Press


Tuesday, November 8, 2022

Financial Policy Meeting – second half 2022

At its second Financial Policy Meeting, the Board of the Central Bank of Chile decided not to activate the Counter-cyclical Capital Buffer. The decision was adopted by the unanimous vote of its members. It was considered that, despite some vulnerabilities in some specific sectors and a more complex international environment, the systemic risk analysis shows that the banking sector has sufficient buffers to withstand stress scenarios.

The Financial Policy Meeting is the instance in which the Board of the Central Bank of Chile decides on the Countercyclical Capital Buffer (CCyB). This is a faculty of the Bank as established in Article 66 ter of the General Banking Law and is framed within the new Basel III capital standards for the banking system.

The CCyB is a macroprudential requirement for the banking system, whose objective is to enhance its resilience to severe stress scenarios, resulting from risks of a systemic nature.

Regarding the background information that the Board had available on this occasion, it is worth noting that, globally, a scenario has been consolidated in which monetary policy has become more contractionary, in the face of higher and more persistent inflation. Risk appetite has decreased and the US dollar has strengthened. Growth prospects have deteriorated, increasing the likelihood that developed economies will experience a recession next year. Financial conditions for emerging economies have worsened. All this occurs against a backdrop of reduced liquidity in the face of continued high global uncertainty. A further deterioration of the external scenario is perceived as the greatest threat to global financial stability, which could especially affect the financing of emerging economies such as Chile.

At home, the economy has already begun the process of adjusting the imbalances it accumulated in 2021. Throughout this phase of the cycle, the gap will narrow and will gradually move towards negative levels. In addition, spending and economic activity will decline, while inflation will fall from its current highs to values compatible with the 3% target. Monetary policy has adopted a contractionary stance in line with this scenario. All in all, the current account deficit remains high, with a shallower capital market, which lessens the economy's ability to accommodate financial pressures from abroad. This is reflected in the high volatility of the exchange rate and long-term interest rates. The cost of foreign currency financing has increased in the most recent period.

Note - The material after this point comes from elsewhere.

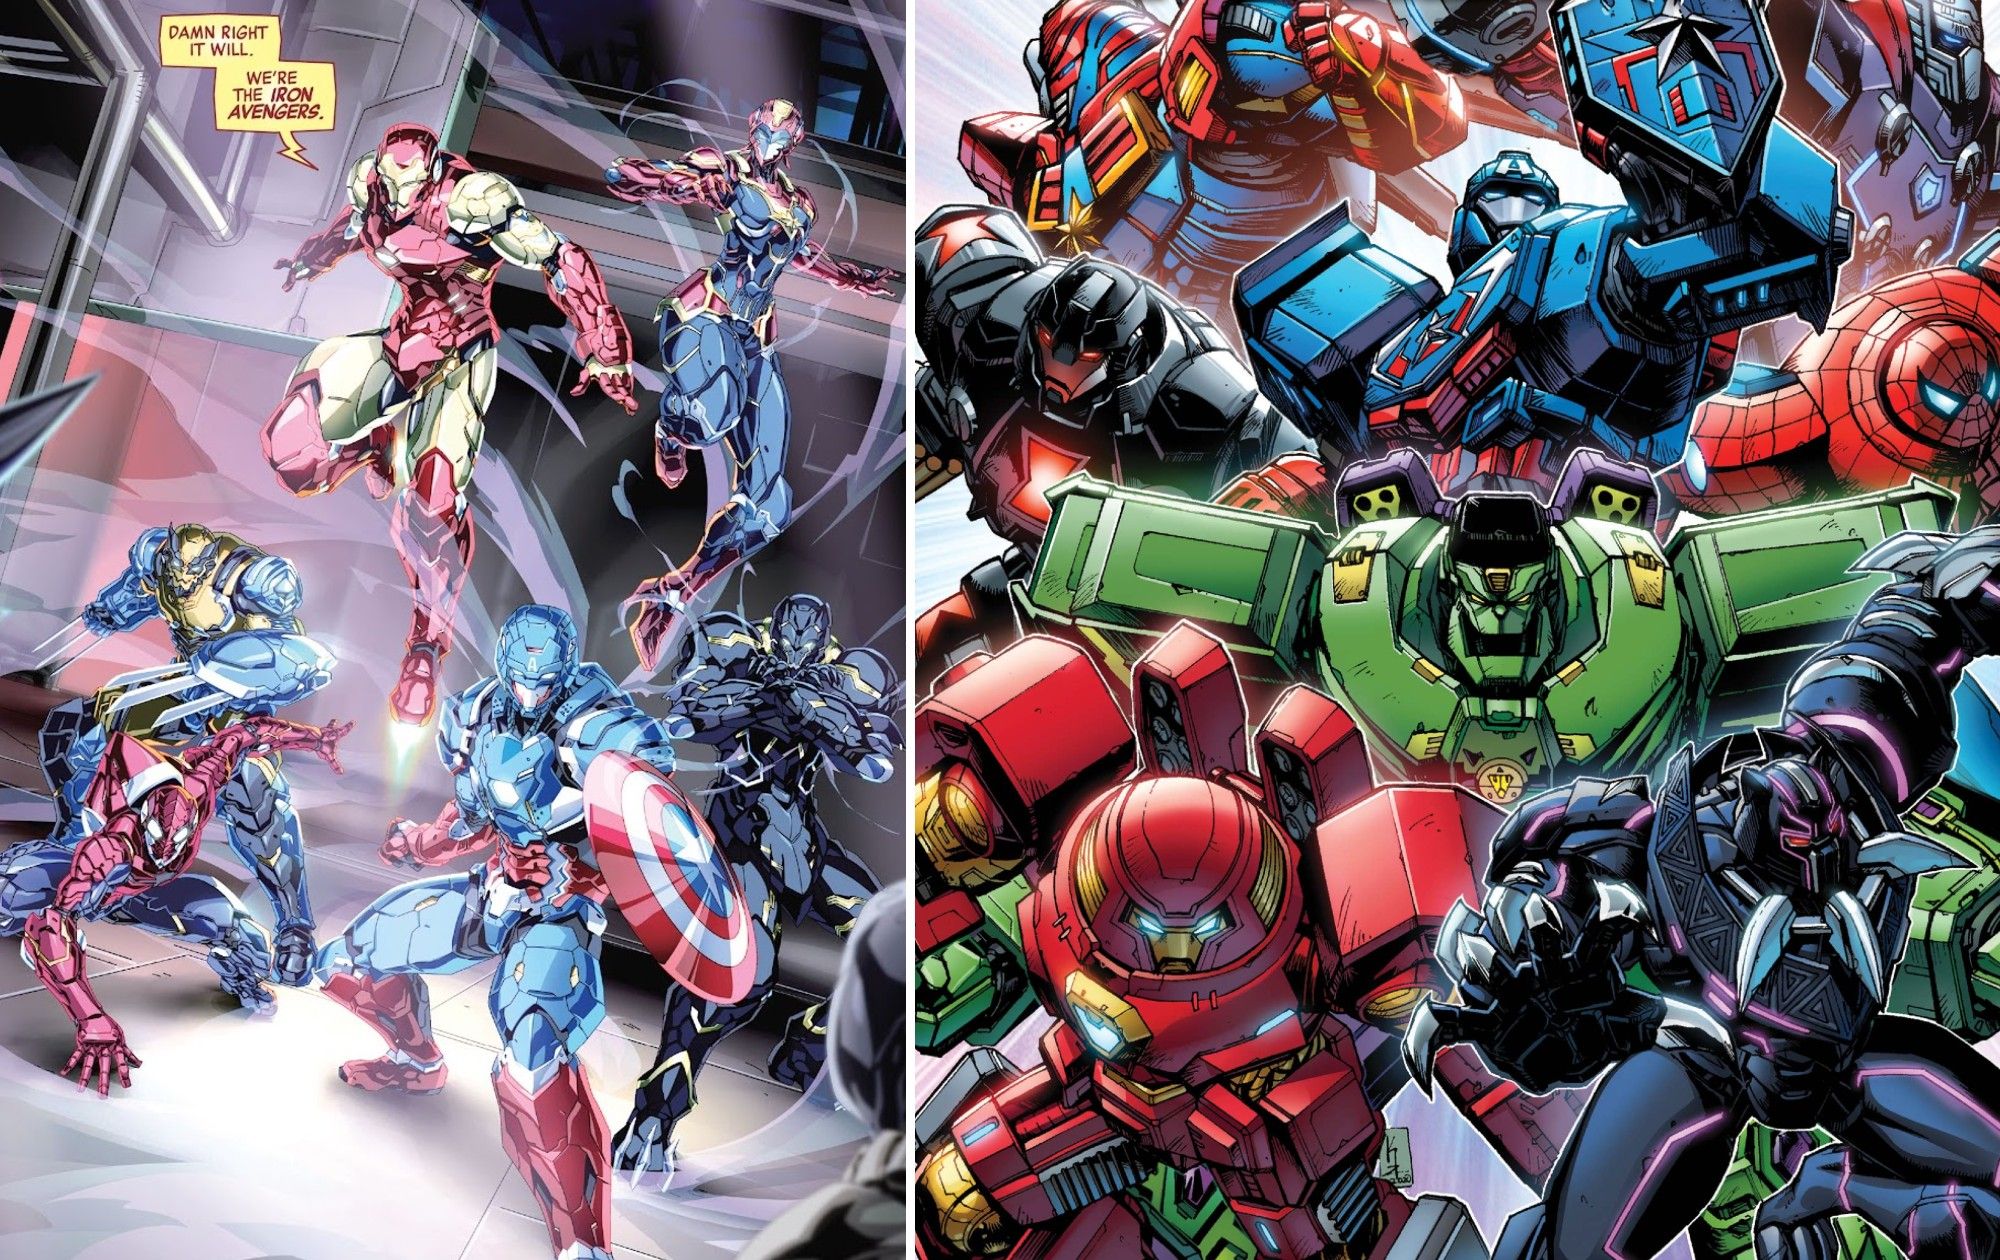 Tech-On Avengers vs Avengers Mech Strike: Which Team Has Cooler Armor?

The real-estate market has undergone a significant adjustment in the past few months, with significant cost increases, weak demand and greater financing restrictions. All this has been reflected in the financial difficulties of some construction and real-estate companies. The prudent management of this exposure by the banks has prevented this from representing systemic vulnerability at this point in time.

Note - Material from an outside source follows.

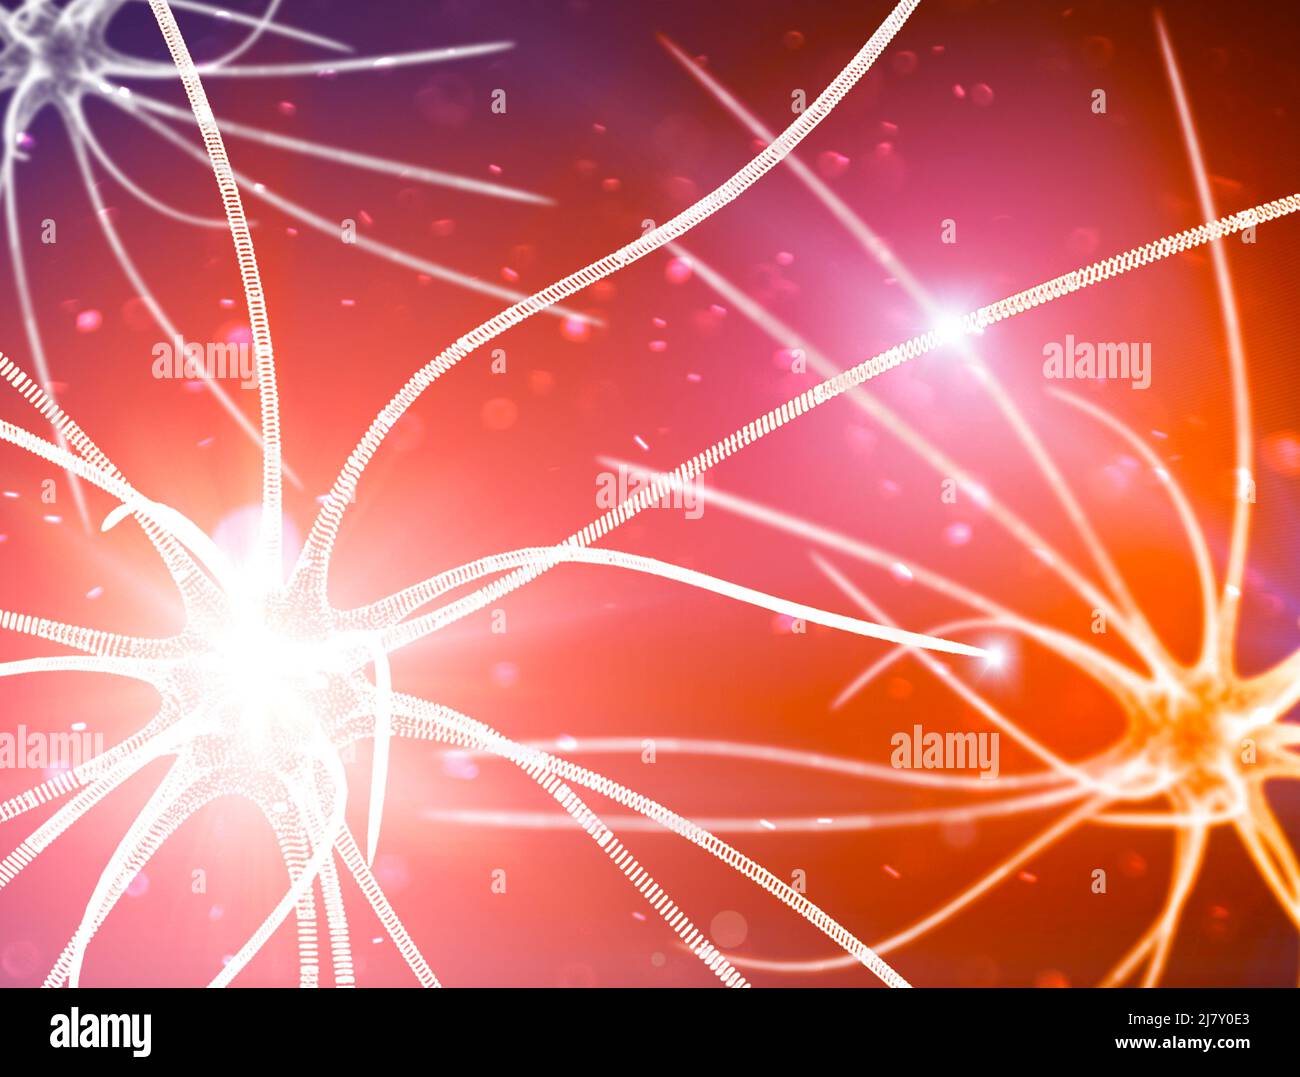 Connexions Synapse. Structure qui permet à un neurone de transmettre un signal électrique ou chimique à un autre neurone ou à la cellule efférente cible Banque D'Images

Regarding bank credit, third quarter data posted negative growth. The ratio of credit to GDP remains below its historical trend and no significant rebound is foreseen in the short term. The Bank Lending Survey shows that supply remains constrained and demand is perceived to have weakened.

The stress tests of the banking system presented in the Financial Stability Report conclude that the banking system has sufficient provisions and capital to confront a severe stress scenario. Nonetheless, it is necessary for banks to continue adapting their solvency levels in order to converge to Basel III standards.
In conclusion, the analysis performed indicates that it is not necessary to activate the Countercyclical Capital Buffer.

The minutes of this Financial Policy Meeting will be published at 8:30 hours of Wednesday, 23 November. The next Financial Policy Meeting will be held on 22-23 May 2023 and the statement thereof will be released at 18:00 hours of the second day.